--- SOURCE DATA Enclosed Below ---

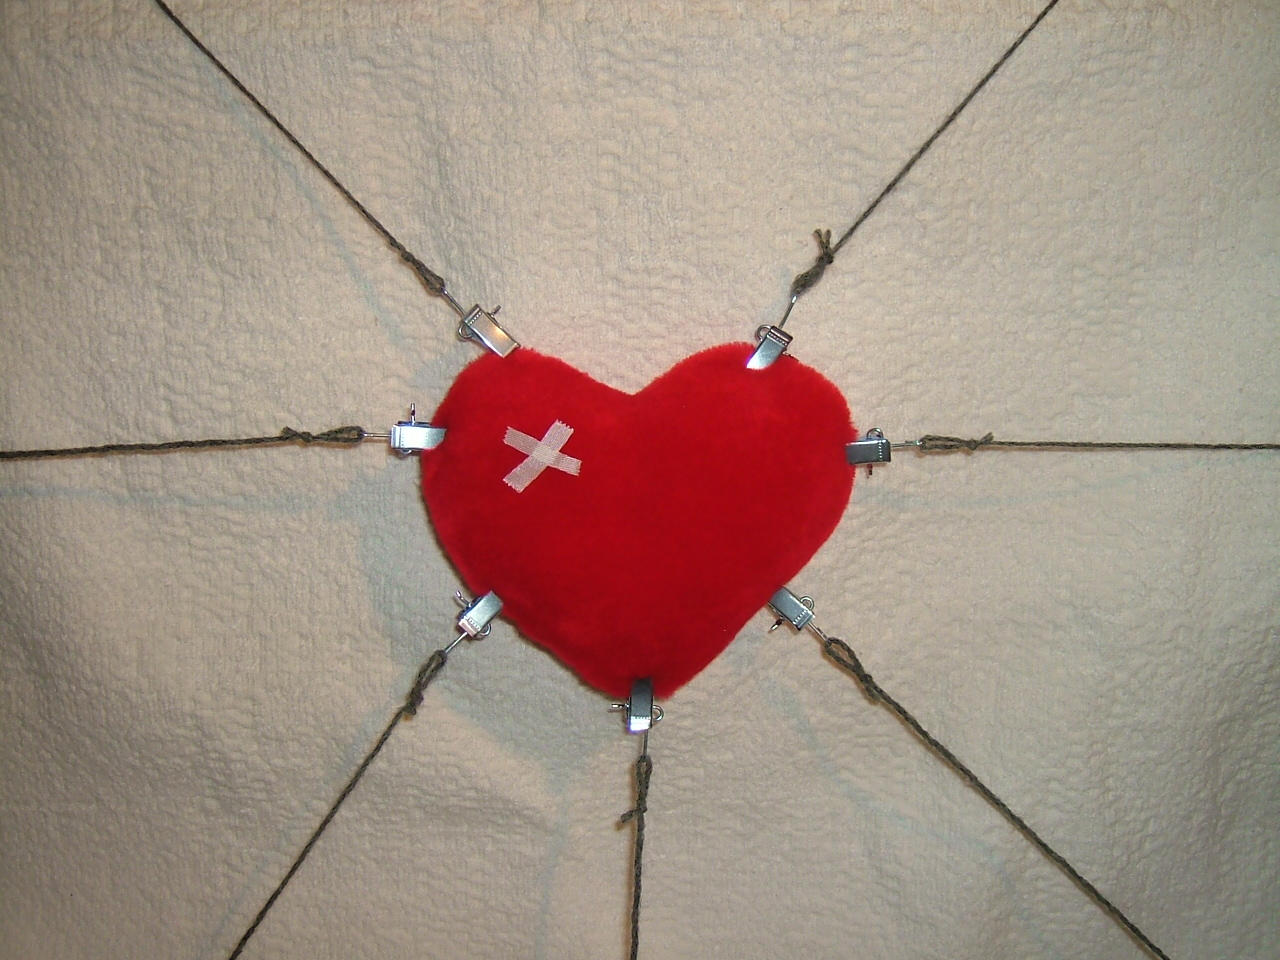 Heart - Torn apart by Futchi
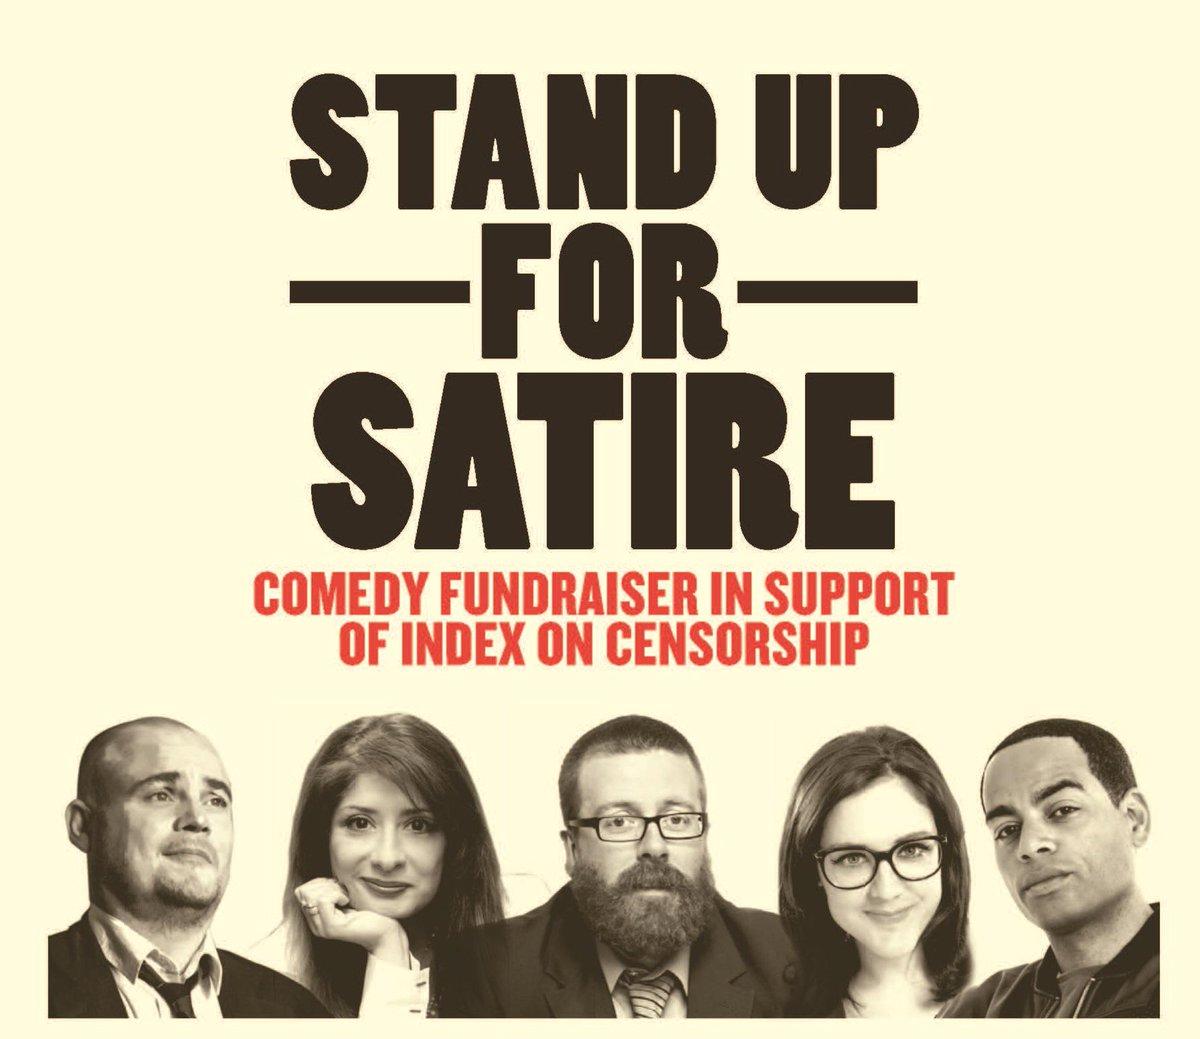 satire and comedy
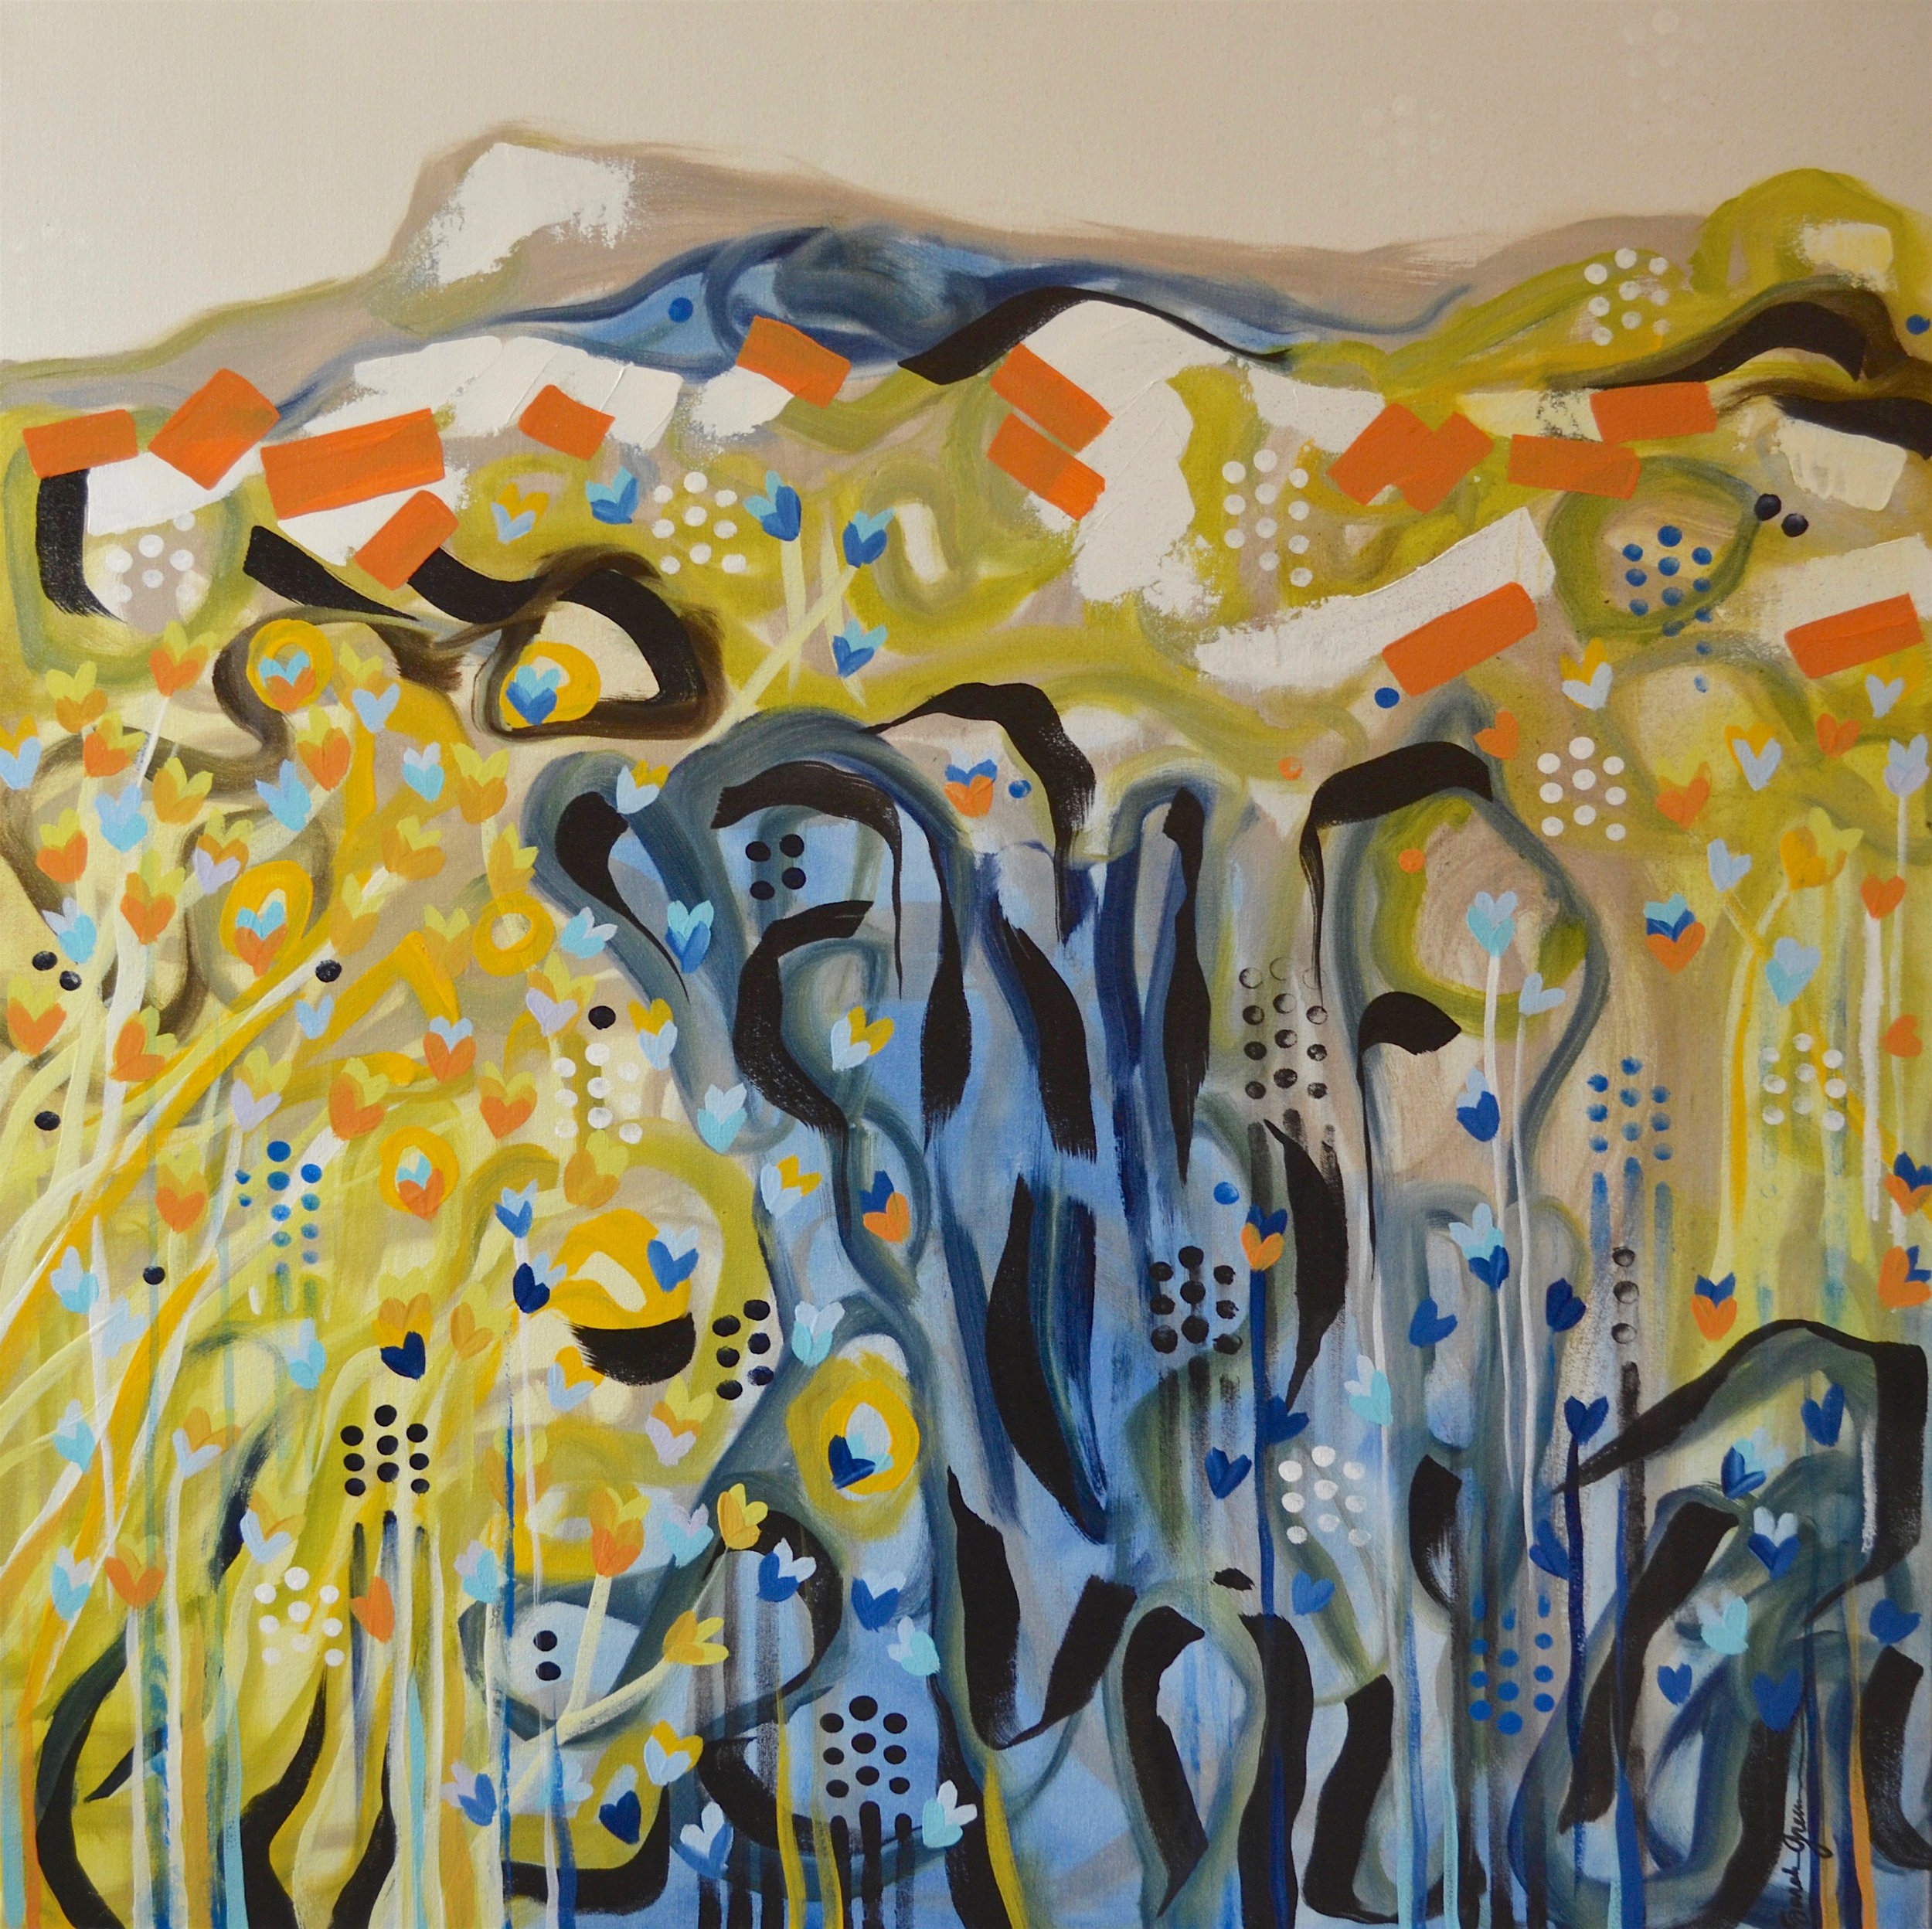 Sun-Steeped  | 36 x 36 inch acrylic on canvas
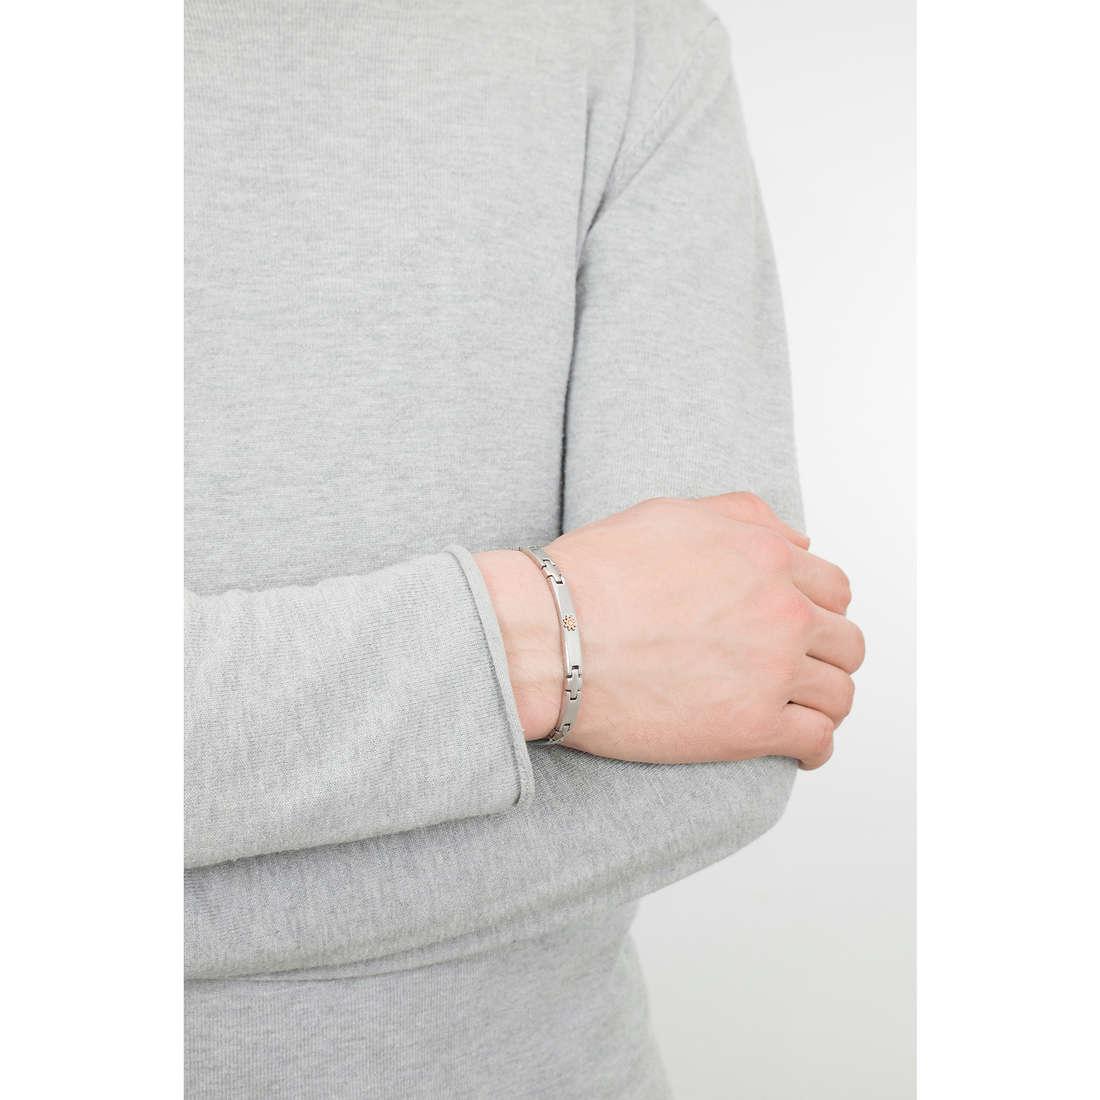 Luca Barra bracciali uomo LBBA717 indosso

--- End of Enclosed SOURCE DATA ---

• _PROMPT_
Every line between the one containing "acrylic on canvas" and the end of the listing, both included, needs to be retyped exactly, minus the pictures.

• _EXPECTED OUTPUT_
 Sun-Steeped  | 36 x 36 inch acrylic on canvas
 Luca Barra bracciali uomo LBBA717 indosso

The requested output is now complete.